Beaman Professor Asad Khattak

Testing and certification of autonomous vehicles

Khattak’s latest collaborative research with UT Chattanooga, UT Space Institute, and East Tennessee State University aims to take knowledge about the automation of air and space vehicles to see what can be applied to connected and automated vehicles (CAVs) for daily use. While CAVs might be more than a decade away from integrating into the mainstream US transportation system, Khattak is hopeful they can transform the transportation industry to reduce traffic fatalities, which are currently more than 1,000 per year in the state of Tennessee and 38,000 per year in the US. CAVs can also mitigate traffic congestion, which costs $1.1 billion
annually in Tennessee’s four largest cities.
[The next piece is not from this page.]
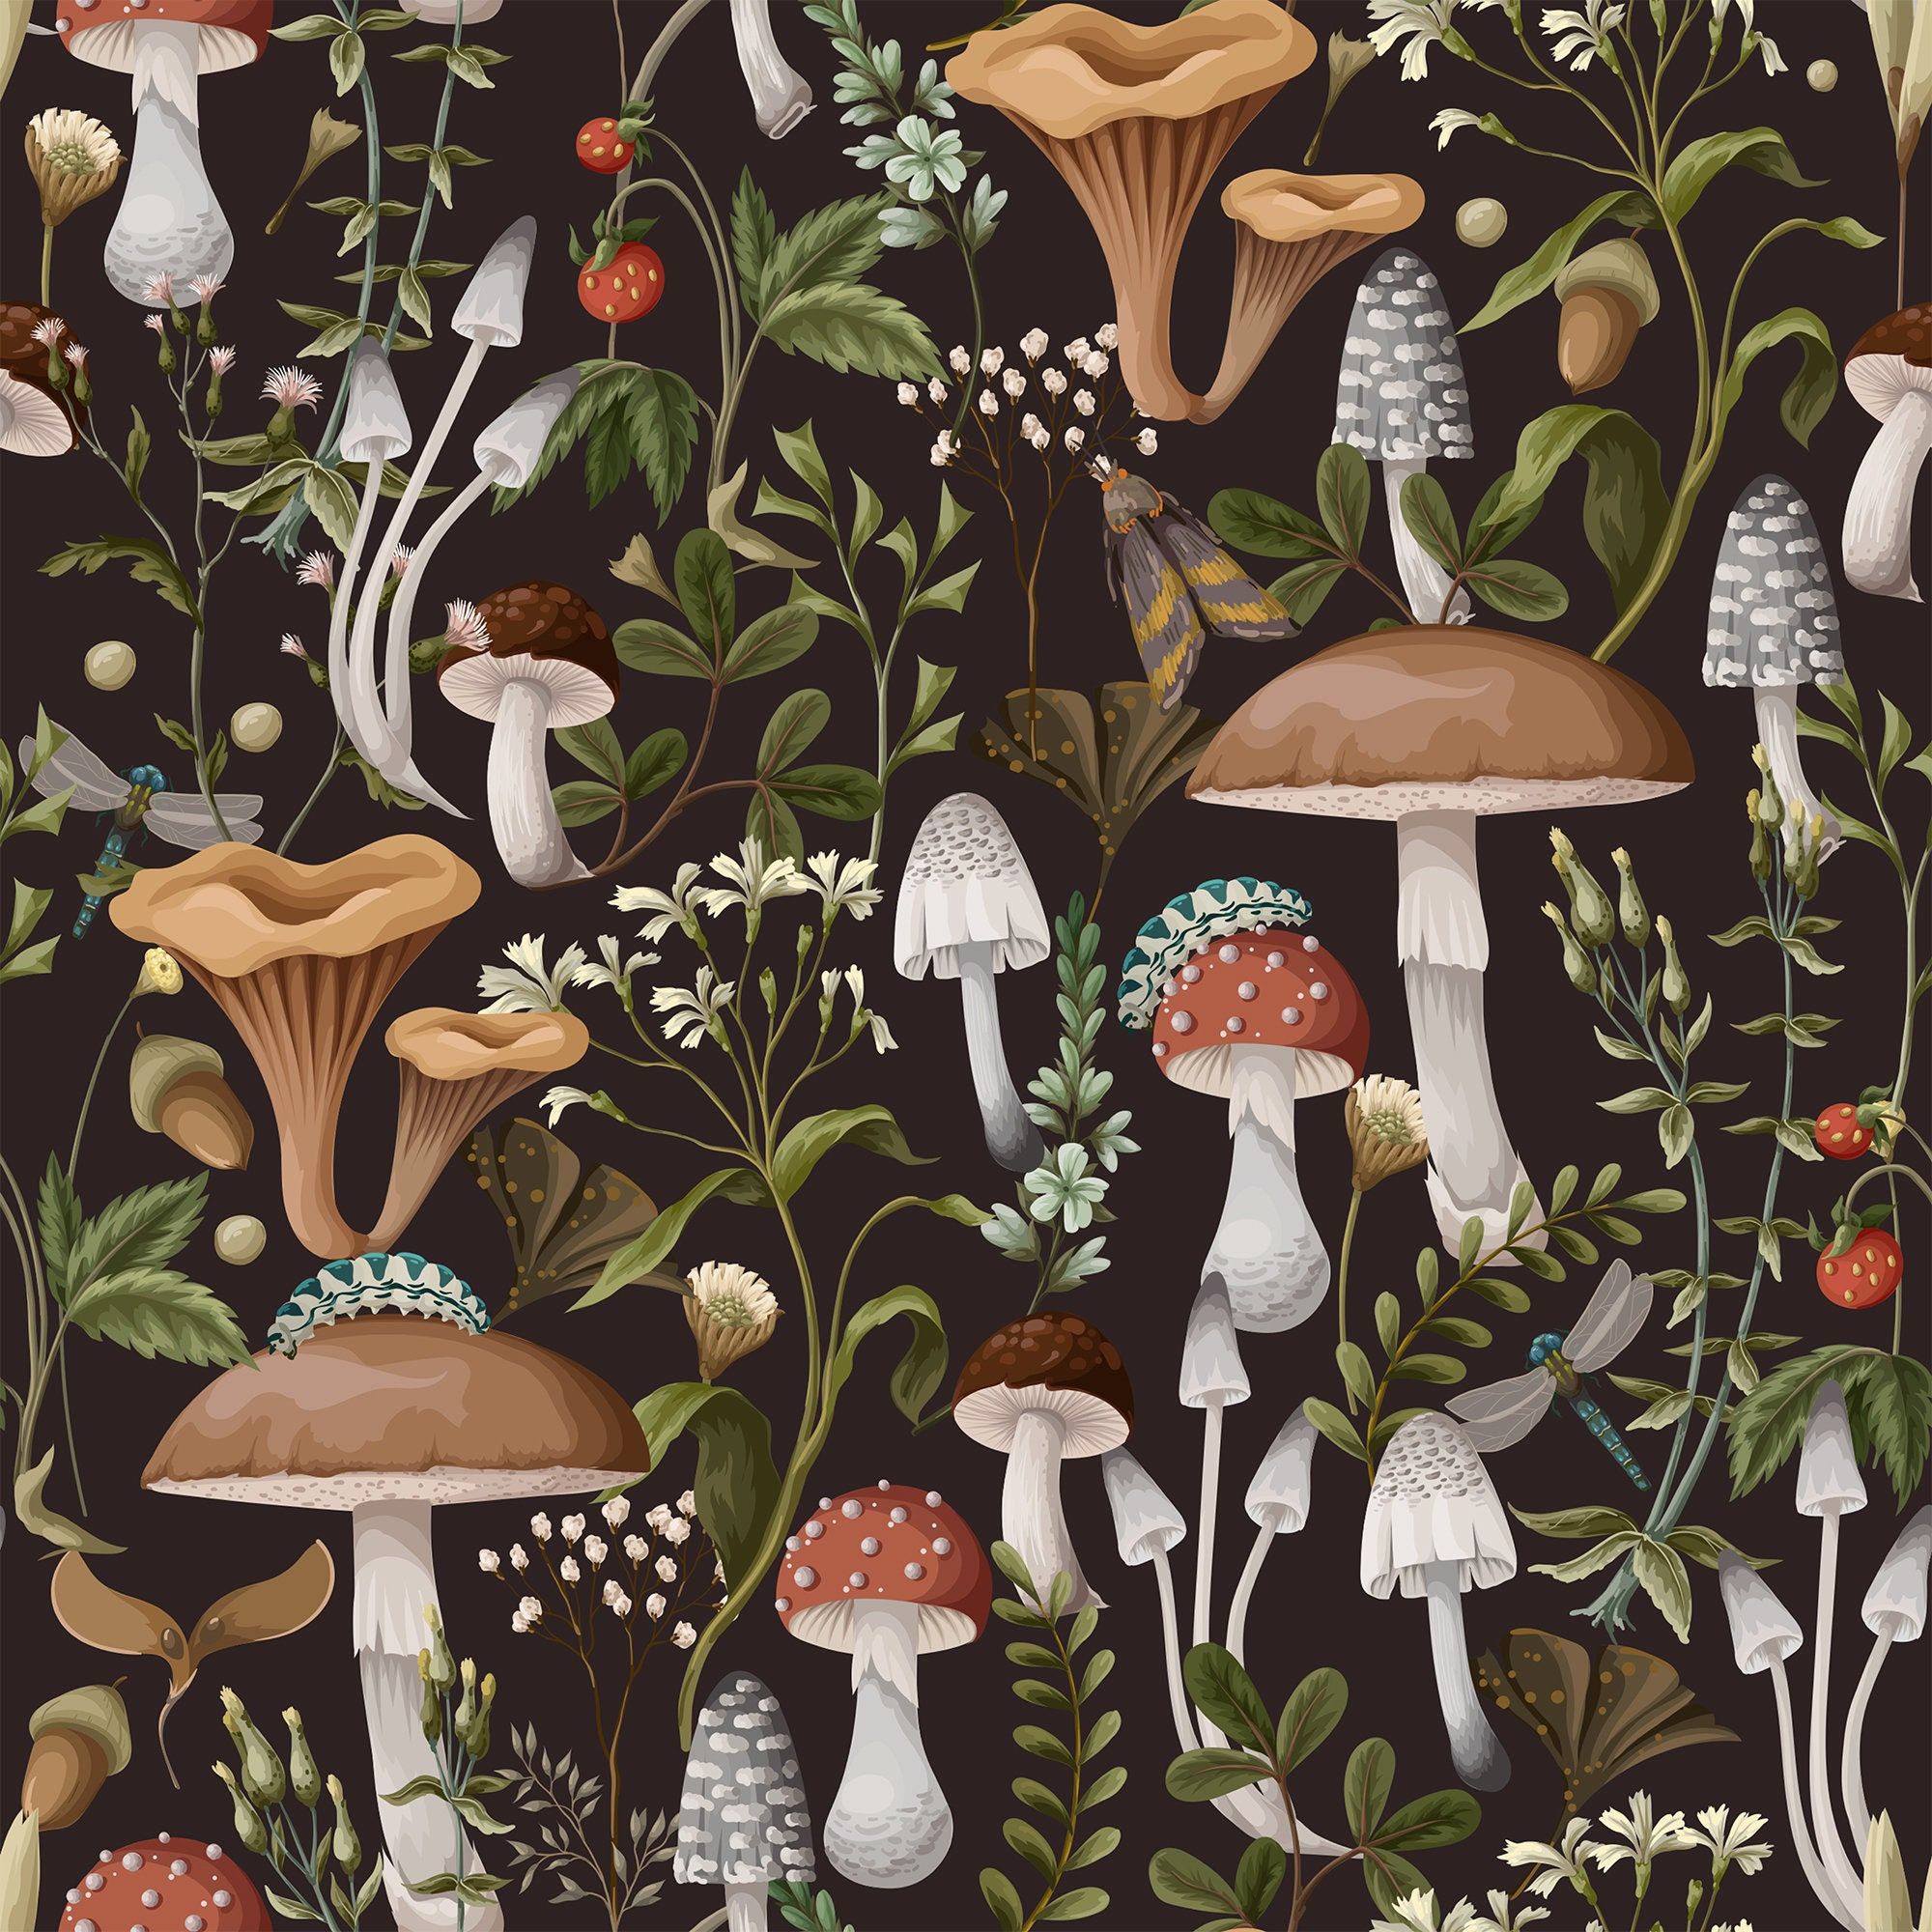 A black background with a pattern of mushrooms, leaves, and berries. - Botanical

In their TDOT-sponsored project, Khattak and his project partners are working toward a testing and certification system to ensure that, as vehicles become more automated and connected, there are proper safeguards in place to protect human life.

Shuai Li.

Assistant Professor Shuai Li

Mapping subsurface infrastructure

Through a grant from the National Science Foundation, Li is researching how sensor-equipped autonomous vehicles can help map the infrastructure beneath a city and how that map can be used to navigate autonomous vehicles in distressed urban areas during and after natural and man-made disasters. Under city roads exist water pipes, utility cables, and gas lines, so having the ability to digitally map this infrastructure can vastly improve safety when digging is required. The project involves using multiple CAVs with ground-penetrating radar
technology to collect radargrams of subsurface infrastructure along coordinated trajectories.